The Company acknowledges the Staff’s comment and will discuss in future Exchange Act filings the Company’s ability to meet performance tests to the extent the Company believes it will be unable to satisfy any material performance tests.

The Company is currently subject to performance tests under certain of its hotel management agreements, although in 2013 and currently, the Company is in compliance with these performance tests and is not exercising any contractual cure rights. Generally, the performance tests are two part tests based on achievement of budget or cash flow and revenue per available room indices. In addition, once the performance test period begins, which is generally multiple years after a hotel opens, each of these performance tests must fail for two or more consecutive years and the Company has the right to cure any performance failures, subject to certain limitations. The Company will provide this additional information about its hotel management

 

MORGANS HOTEL GROUP CO 475 TENTH AVENUE NEW YORK CITY NY    10018 PHONE 212 277 4100 FAX 212 277 4290


agreements in future filings. Additionally, to the extent there is a risk of termination of a hotel management agreement, or a material risk to the Company’s investors, the Company will consider disclosing the risk in future filings.

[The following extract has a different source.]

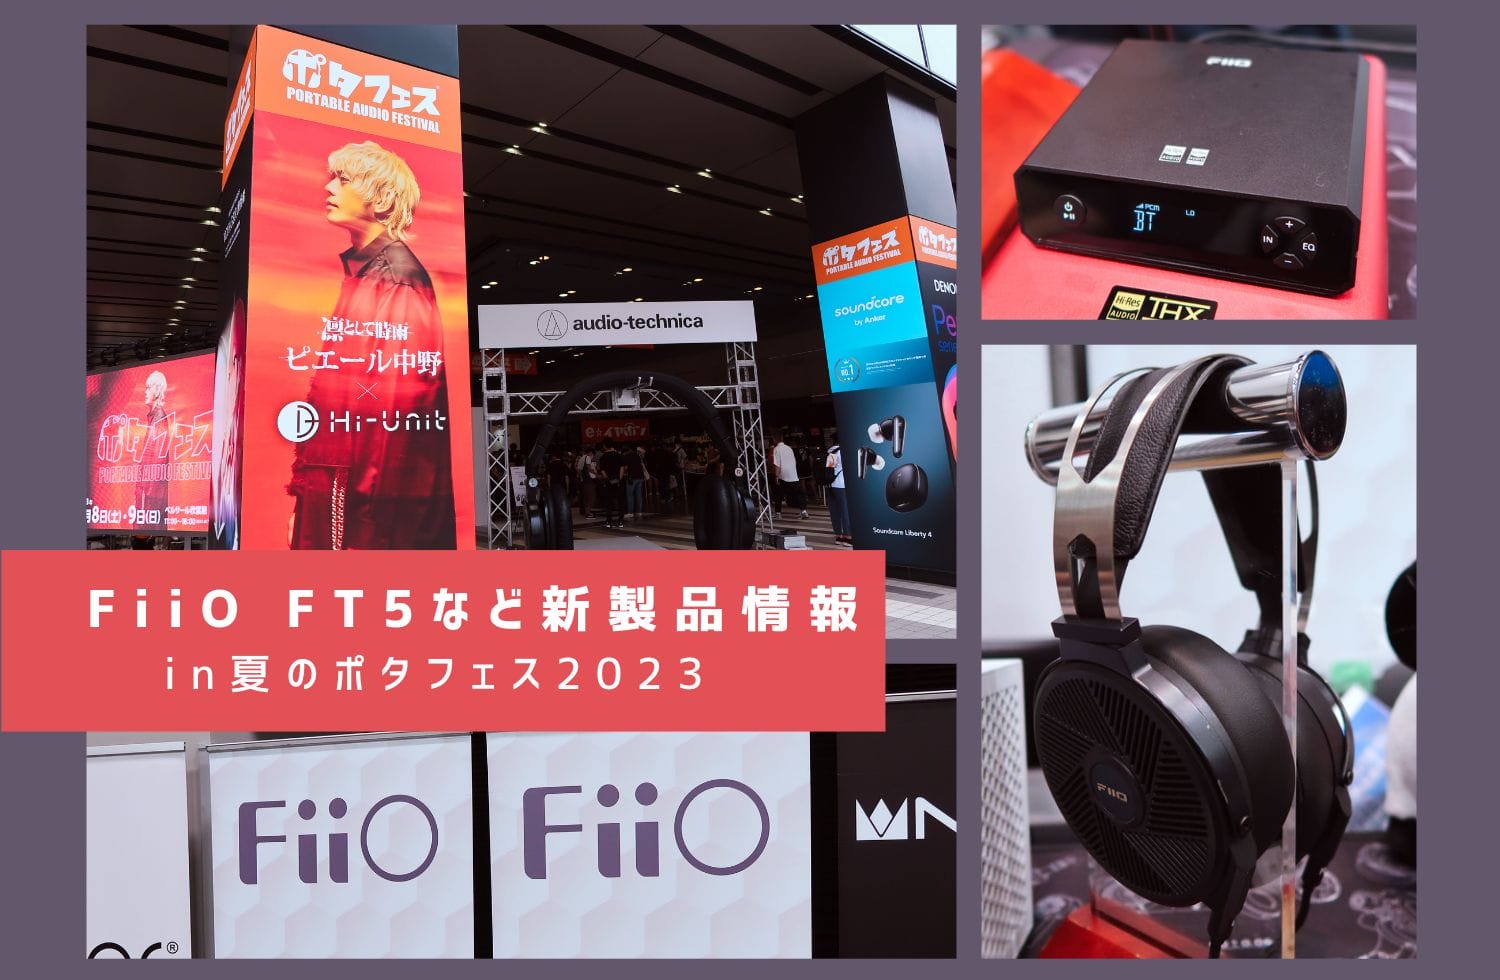 FiiOFT5など新製品情報 in 夏のポタフェス2023

The Company currently does not consider any of one of its hotel management agreements to be material to the Company or that termination of a particular hotel management agreement, including any applicable termination fees, would have a material and adverse impact on the Company’s business. As these agreements individually are not material, the Company also does not believe the disclosure of their terms would be material to investors. Further, the Company believes that the specific terms included in its management agreements are proprietary and disclosure of such terms would be competitively harmful to the Company. As a result, the Company does not believe the disclosure of the terms of its management agreements in future filings is required and could adversely affect the Company, so the Company does not intend to provide more details about the terms of its individual management agreements.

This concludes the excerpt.